*** Begin section ***
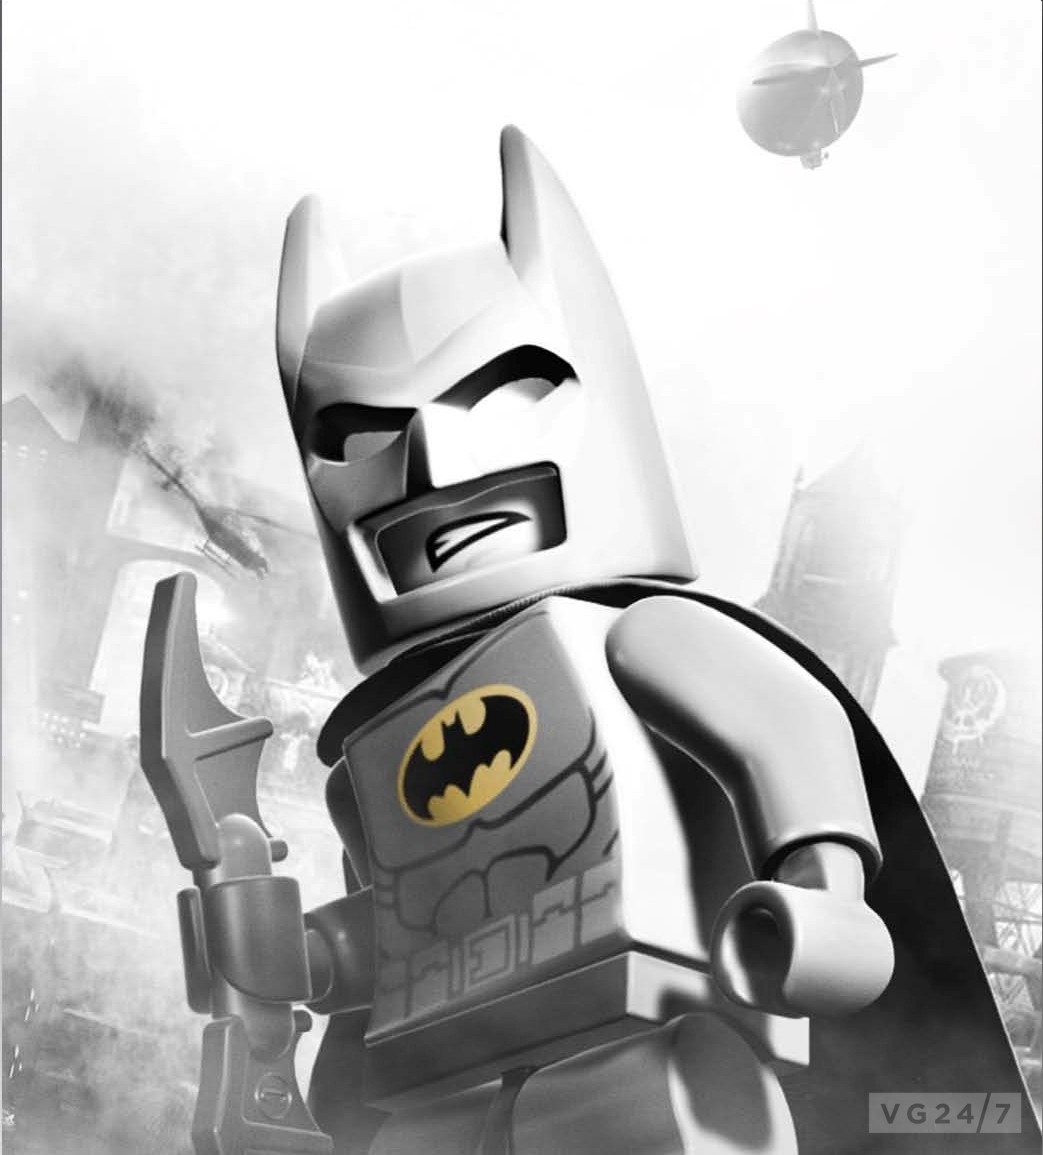 http://gam3rha.persiangig.com/image/lego-batman-2-dc-super-heroes-wii-27.jpg
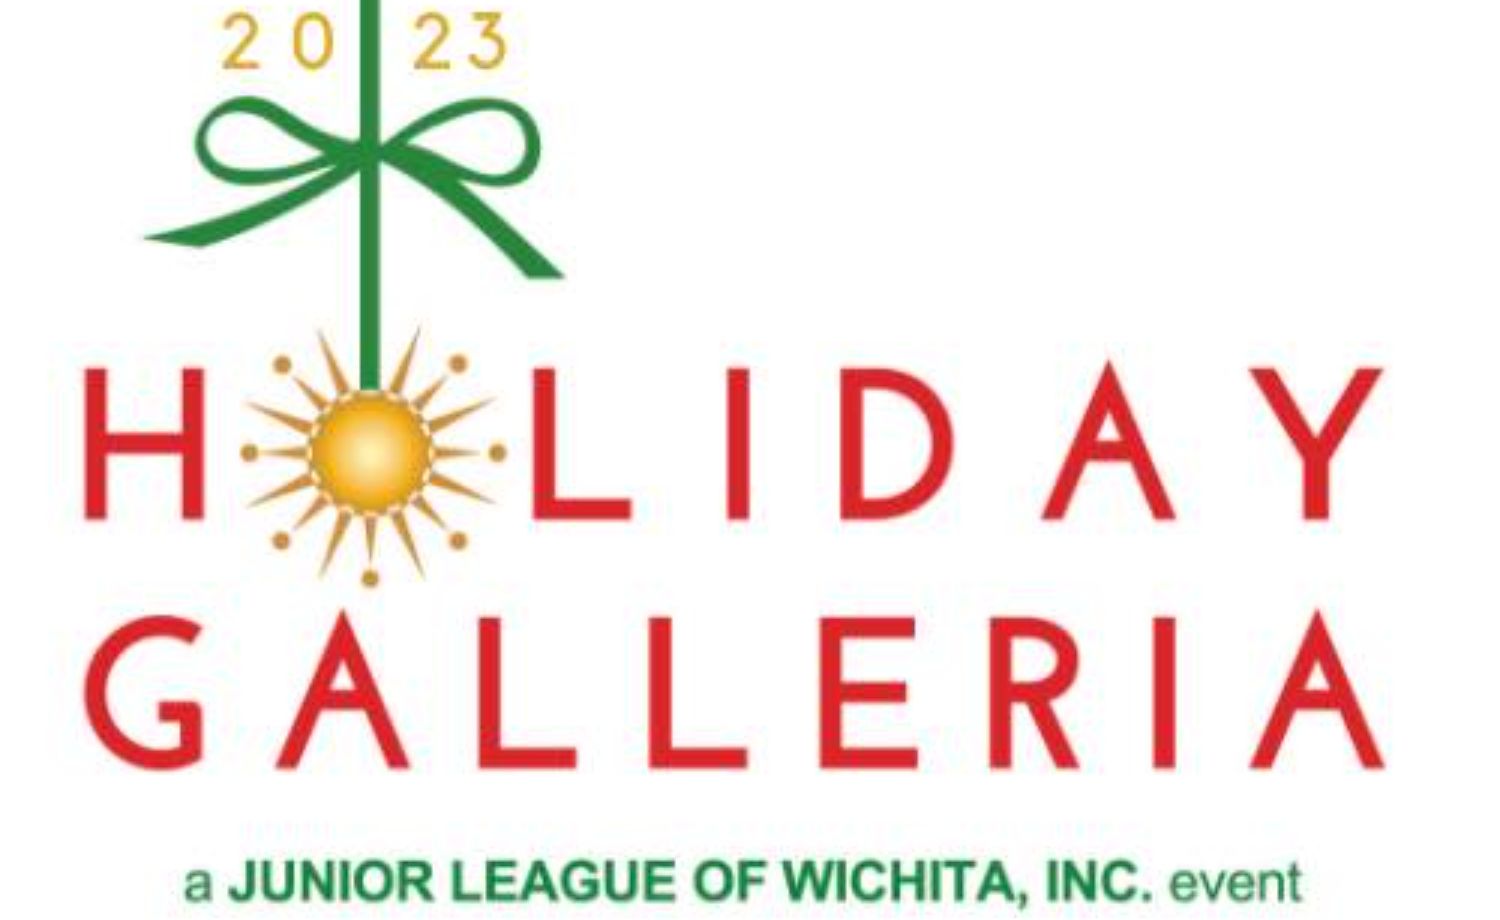 Holiday Galleria Oct 5-7
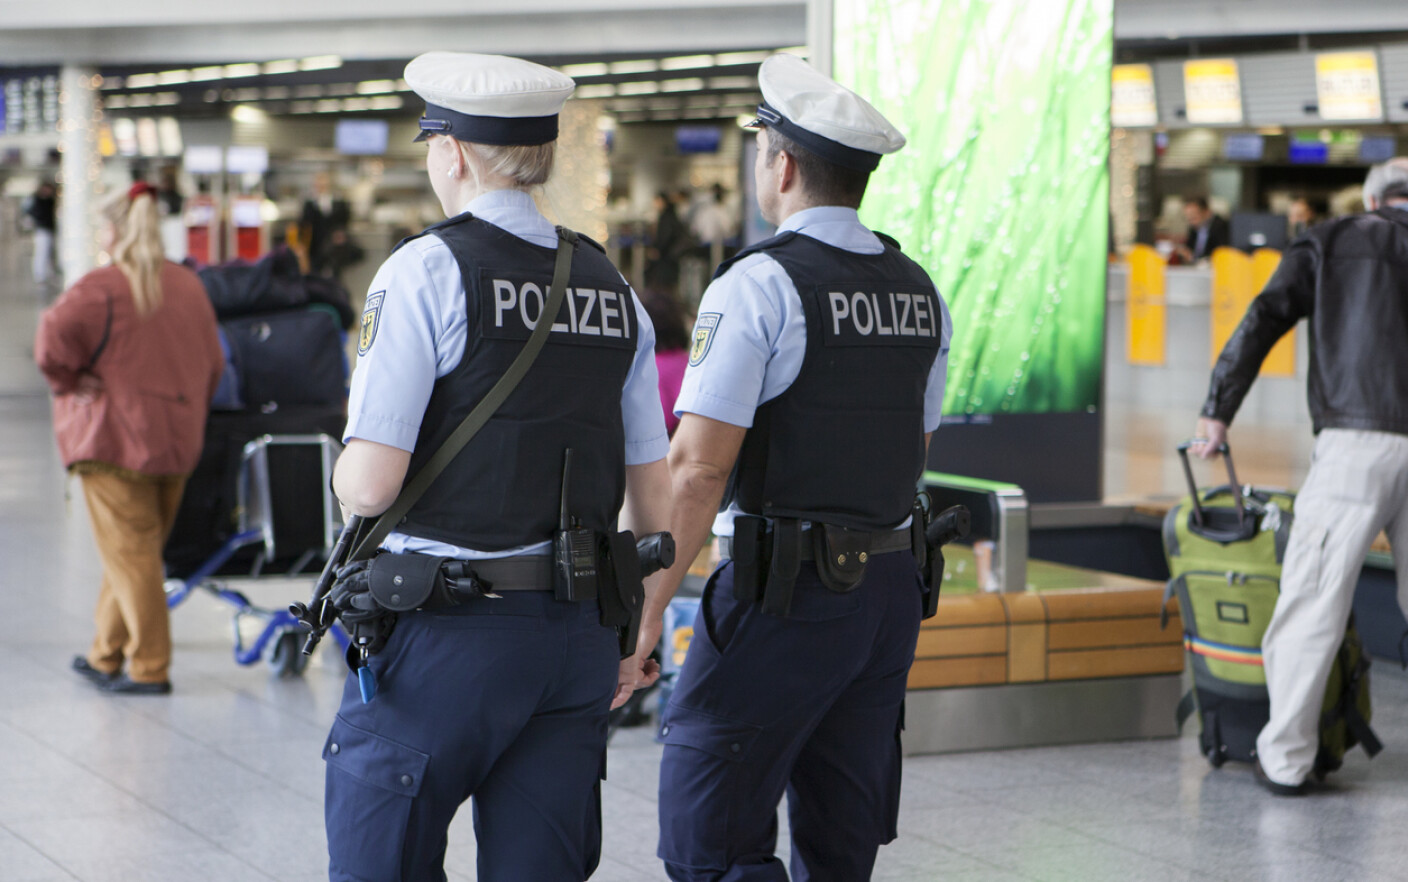 Politie germania
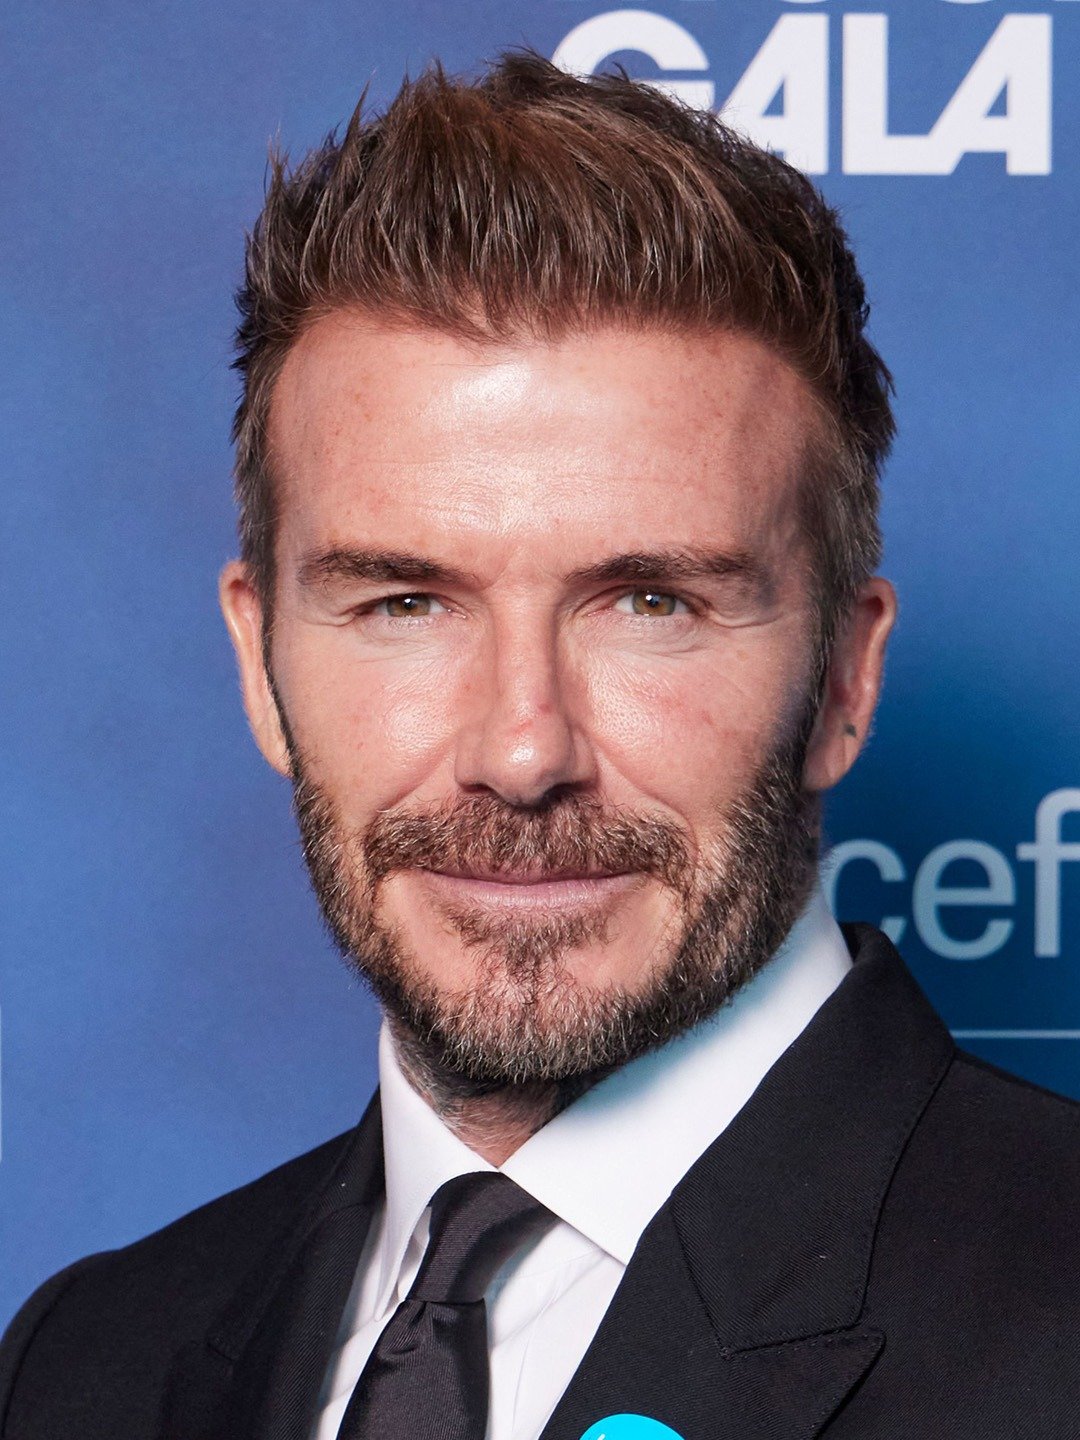 David Beckham - Actor
*** End section ***
- _Your goal_: Reproduce verbatim every line starting at the line that holds "Holiday Galleria Oct 5-7" and ending with the final line of the data; omit the pictures.

- _Written response_:
 Holiday Galleria Oct 5-7
 Politie germania
 David Beckham - Actor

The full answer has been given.